A Budapest Gianmarco Tamberi torna a volare. E lo fa nel modo che più gli appartiene: regalando spettacolo, emozioni e una prestazione da campione assoluto. A 34 anni, il fuoriclasse marchigiano delle Fiamme Oro conquista la prima edizione dell’Ultimate Championship superando l’asticella a 2,37, al termine di una gara semplicemente straordinaria.
Una misura che vale molto più di una vittoria. Gimbo, infatti, ha migliorato per ben due volte nella stessa serata la migliore prestazione mondiale stagionale, prima con il 2,35 e poi con il 2,37. Una progressione iniziata a 2,22 e proseguita con il 2,26, il 2,30 e il 2,33, fino al salto che ha fatto esplodere lo stadio.

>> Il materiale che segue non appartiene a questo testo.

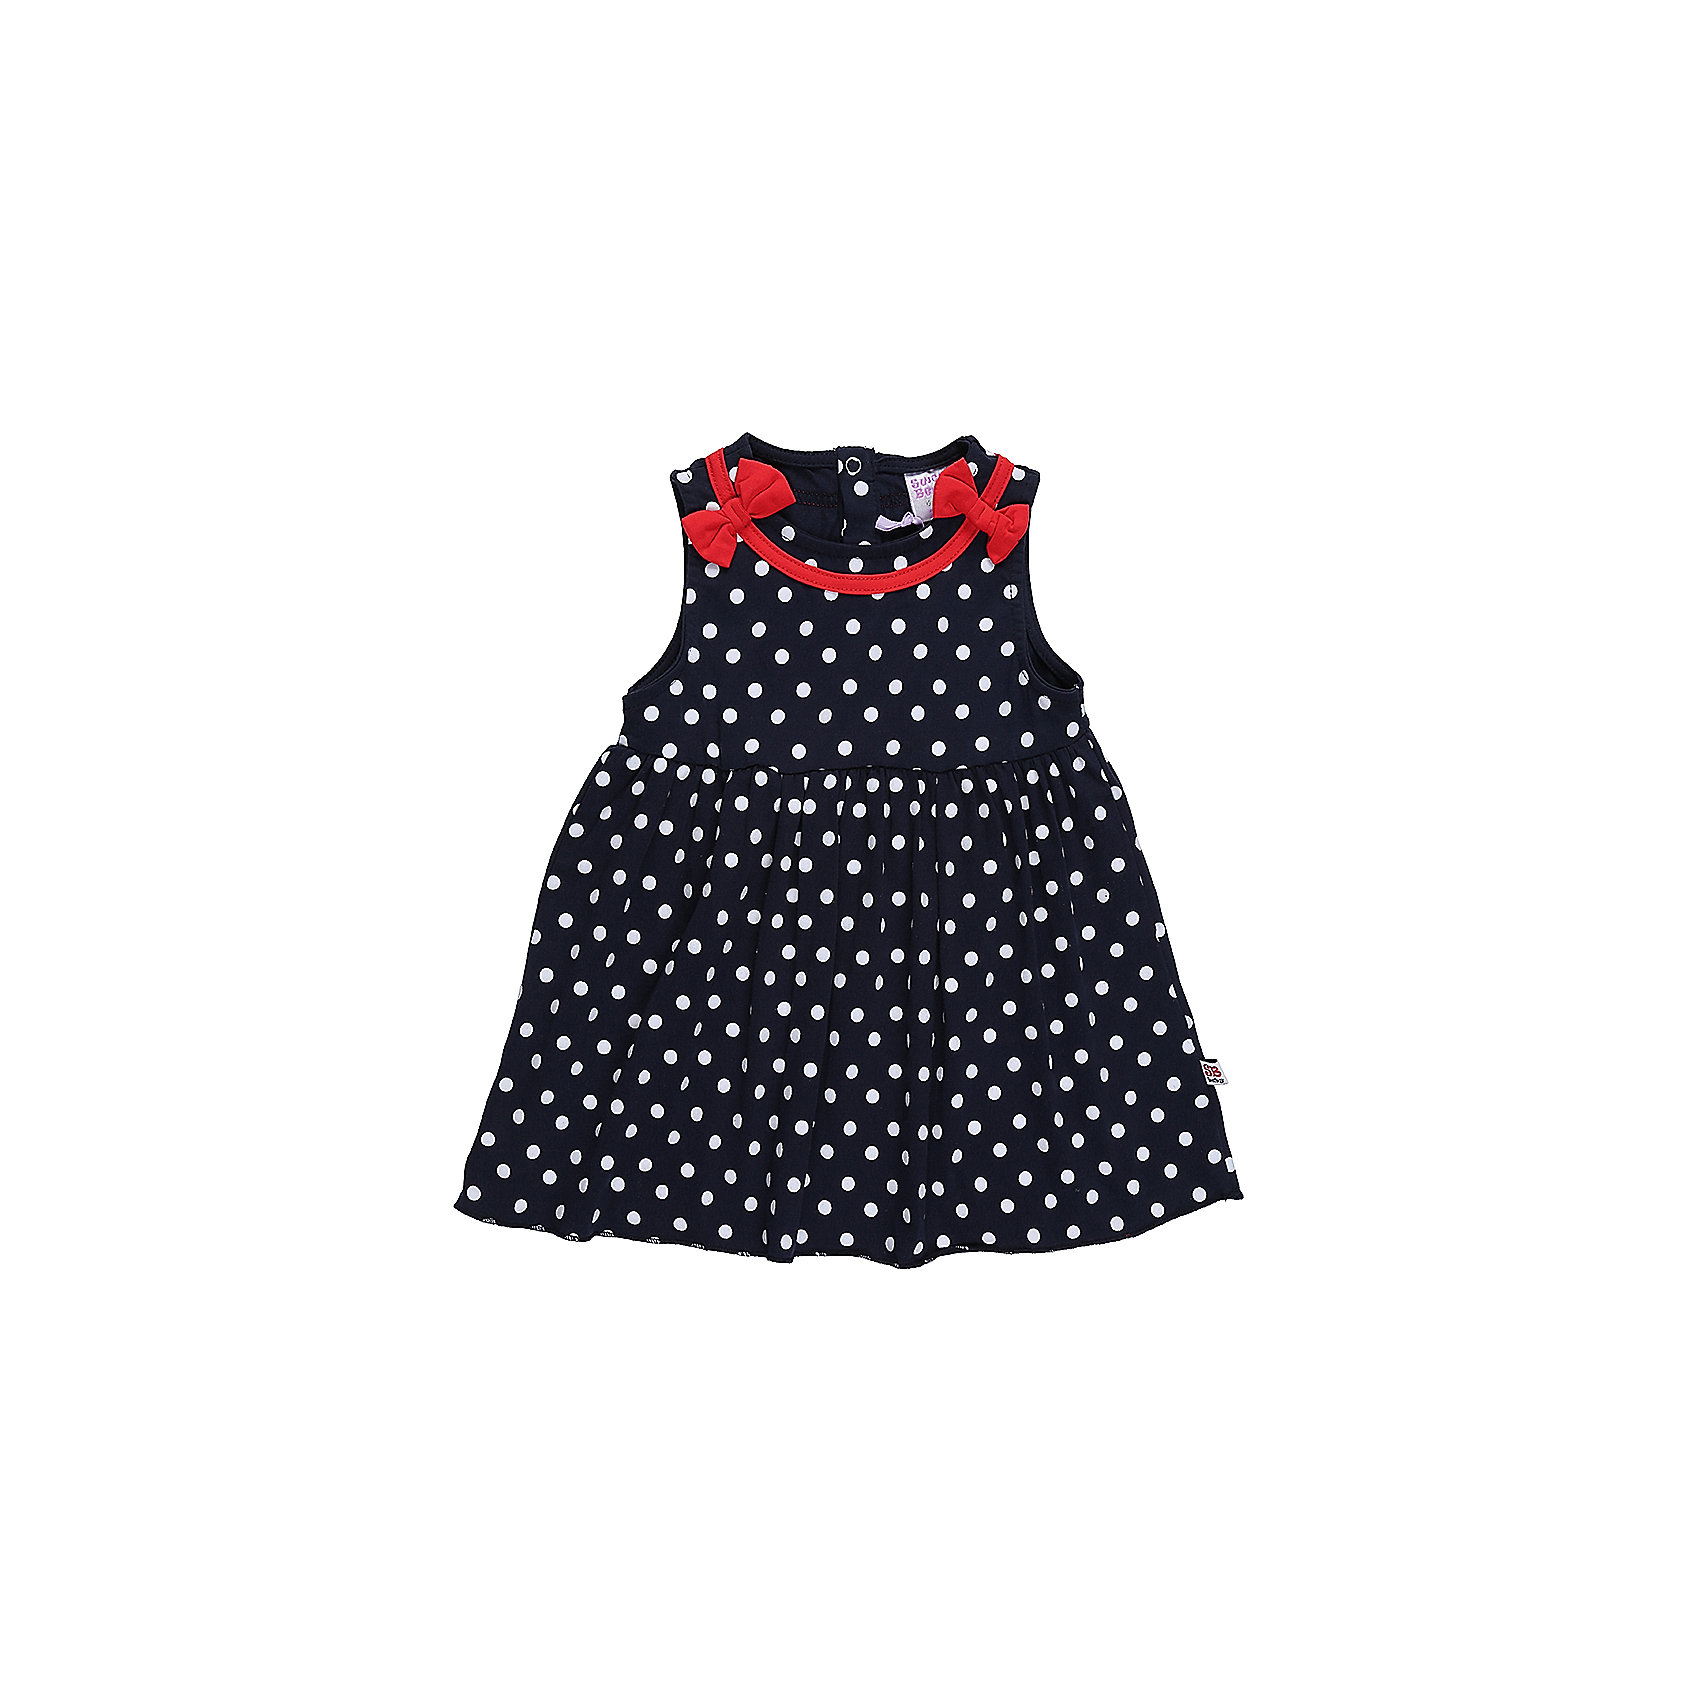 Платье для девочки Sweet BerryТрикотажное платье для девочки в белый горох. Талия завышена, кокетка декорирована красной бейкой и бантиками.<br>Состав:<br>95%хлопок 5%эластан<br><br>Ширина мм: 236<br>Глубина мм: 16<br>Высота мм: 184<br>Вес г: 177<br>Цвет: синий<br>Возраст от месяцев: 12<br>Возраст до месяцев: 15<br>Пол: Женский<br>Возраст: Детский<br>Размер: 80,86,92,98<br>SKU: 5411058

Alle sue spalle si è piazzato lo statunitense JuVaughn Harrison, grande rivale di Tamberi fin dal Mondiale di Budapest del 2023, quando i due si contesero l’oro alla stessa misura di 2,36. Stavolta Harrison si è fermato a 2,39, lasciando a Gimbo il gradino più alto del podio.
Ma Tamberi non si è accontentato. Una volta assicurata la vittoria, ha chiesto l’asticella a 2,41, misura che avrebbe rievocato il salto realizzato dieci anni fa a Montecarlo. I tre tentativi non sono andati a buon fine, ma hanno mostrato ancora una volta la voglia del campione di spingersi oltre i propri limiti.
È stata una stagione straordinaria per Gimbo, capace di arrivare al quarto oro europeo della carriera e ora di tornare anche in cima alla classifica mondiale stagionale. A Budapest ha ritrovato il pubblico, l’adrenalina e quella magia che hanno accompagnato i momenti più importanti della sua carriera.
«Sapevo di poter saltare molto più alto in questa stagione – ha raccontato Tamberi al termine della gara –. Ho dimostrato a me stesso che sono al livello dei miei migliori anni». Il campione marchigiano pensa già ai prossimi obiettivi: «Ora guardo ai Giochi di Los Angeles con una voglia enorme. Mondiali a Roma nel 2029? Sarebbe bellissimo».